И, залившись краской, выскочила вон.
До меня туго, но со всей очевидностью дошла двусмысленность положения, в котором я оказался благодаря душевной простоте Лели и заботливым рукам лекаря, смывшего с моего тела кровь и наложившего на порванный бок повязку, но не побеспокоившегося об облачении в какие-либо одеяния.
Рванув на себя одеяло, я стыдливо прикрылся.
– Обманщик,- скривилась отодвинутая рыжая подружка.- Ничего они не играют, бурчат себе помаленьку, и все.

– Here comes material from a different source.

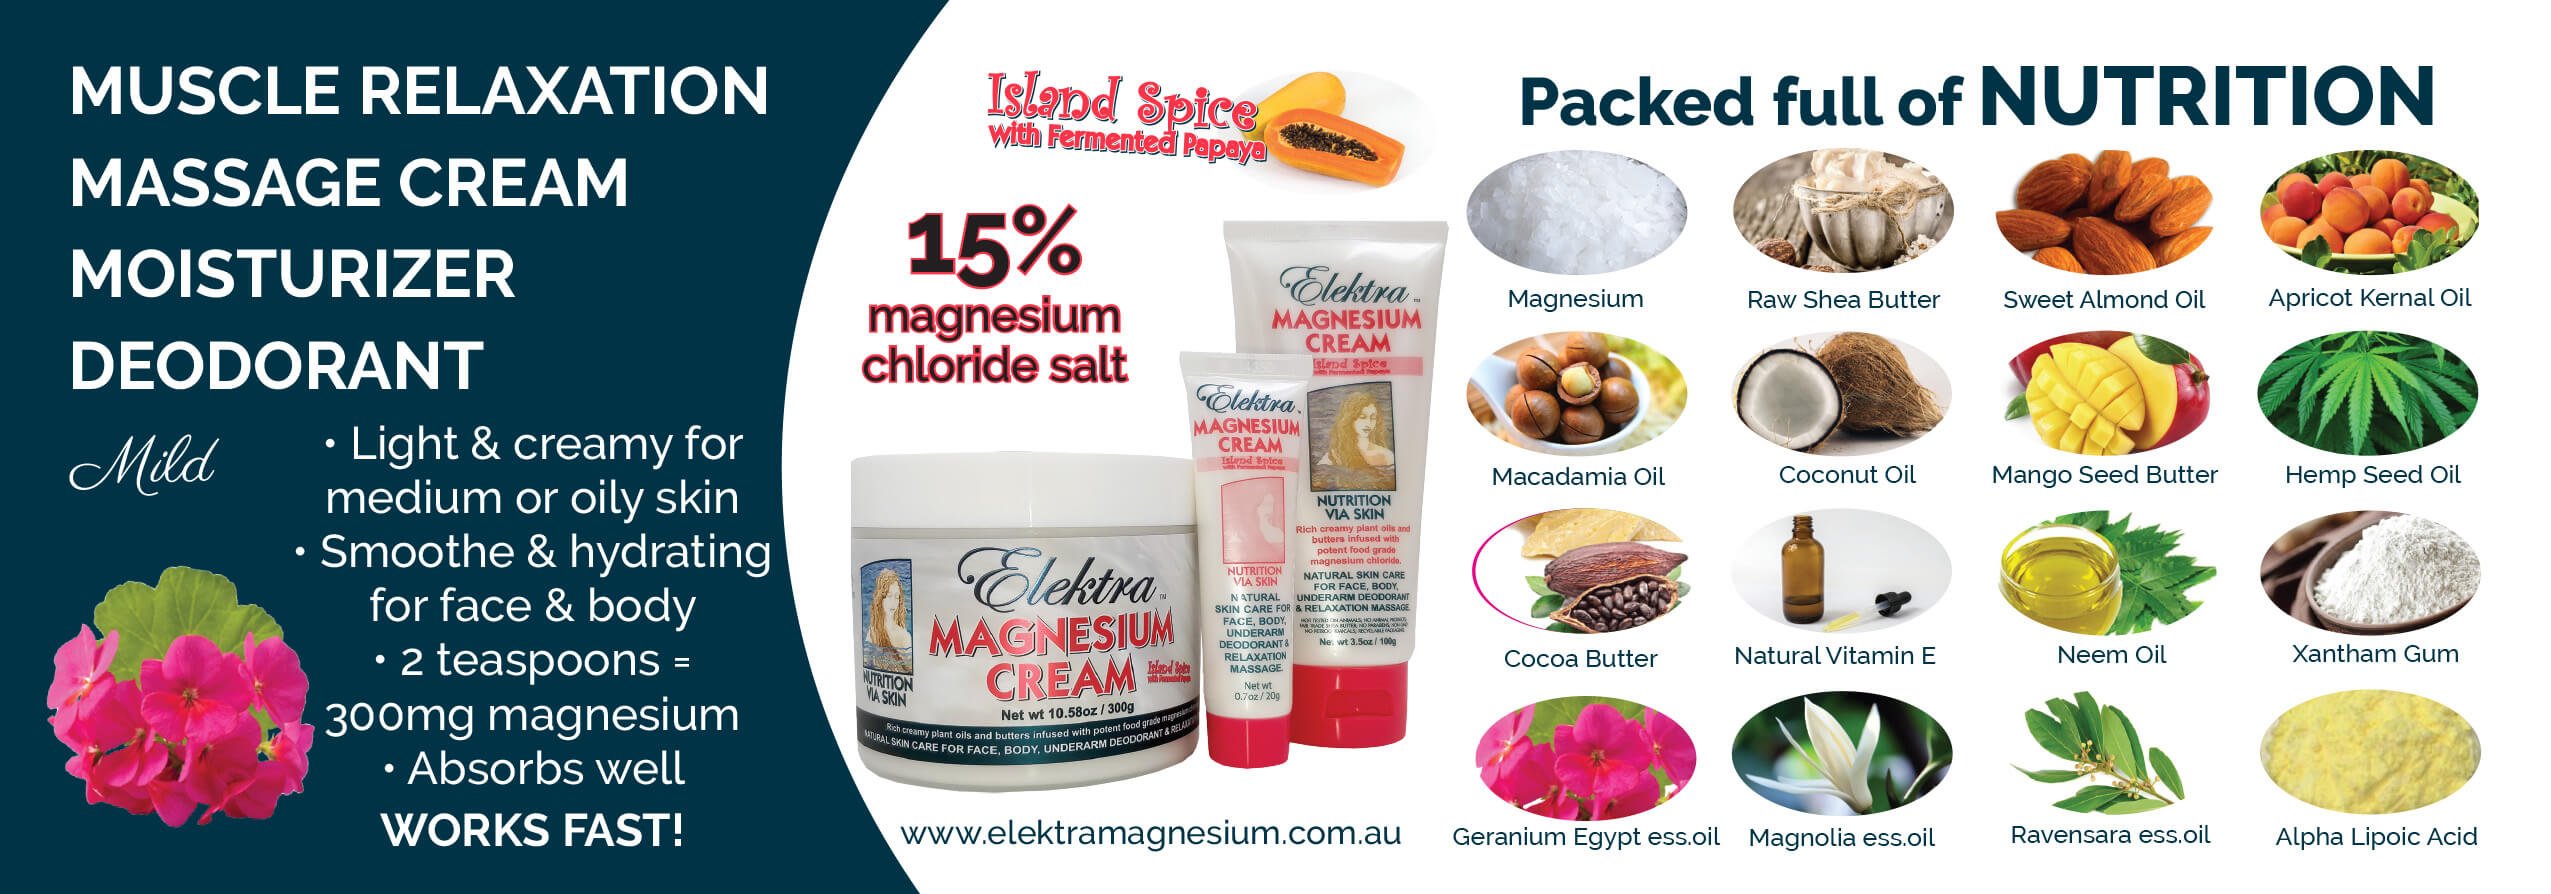 Island Spice Magnesium Cream Ingredients

– Позови Ливию,- попросил я, надеясь объяснить возникшее недоразумение.- Будь так любезна.
– Ладно.
И, взмахнув сарафаном, умчалась.
Прорабатывая в голове слова, которыми постараюсь начать свои объяснения, я вздрогнул от неожиданности, когда распахнулись двери.
Держа в руках блюдо с парой тощих жареных рыбешек и ломтем хлеба, в комнату вошла Ламиира.
– Кто тут у нас самый голодный? – поинтересовалась она, игриво подмигивая и покачивая крутыми бедрами, скудно прикрытыми простеньким сарафанчиком.
Все три девушки переоделись в платья деревенского фасона. Но менее прелестными от этого не стали, даже наоборот.- Кто проголодался, а?
– Я,- признался я, решив, что при всем разнообразии потребностей человека чувство голода вызывают у него только две, но об одной из них пока забудем – не шутки же ради она принесла блюдо со снедью?
– Малявка уже растапливает печь, Добрыня, прихватив топор и горсть медяков, отправился на гусиную охоту…
– И долго он будет охотиться?
– Минут пять.
– Что так быстро? – удивился я.- Или их в местных лужах немерено?
– Он торговаться не умеет,- пояснила блондинка, протянув блюдо.- Сколько скажет хозяин – столько и заплатит.
– Угу,- кивнул я, запуская зубы в тощую спину пескаря.- Что ж ты колючий такой?
Ламиира примостилась в ногах и некоторое время с непонятной тоской и нежностью смотрит на то, как я ем, складируя косточки живописной кучкой на краю тарелки.
– Справилась Яга? – спросила она.- Все вспомнил?
– Какая Яга? – не мигая, поинтересовался я.- Из сказок?
– И в сказках, и в избушке на курьих ножках.
– Можно посмотреть договор? – Продолжая дурачиться, принимаюсь за вторую рыбину, которая оказалась еще более костлявой, если такое вообще возможно.
– Какой договор?
– Как какой договор?! – восклицаю я.- С Бабой Ягой – костяной ногой. Только не говори мне, что мы поверили ей на слово и произвели предоплату!
– Так ты вспомнил? – всплеснула руками блондинка,непонятно как придя к такому выводу на основании моих дурашливых реплик.- Все-все?
– Ничего я не вспомнил…
– Не притворяйся,- почему-то не веря моему чистосердечному признанию, попросила Ламиира, игриво шлепнув меня по колену.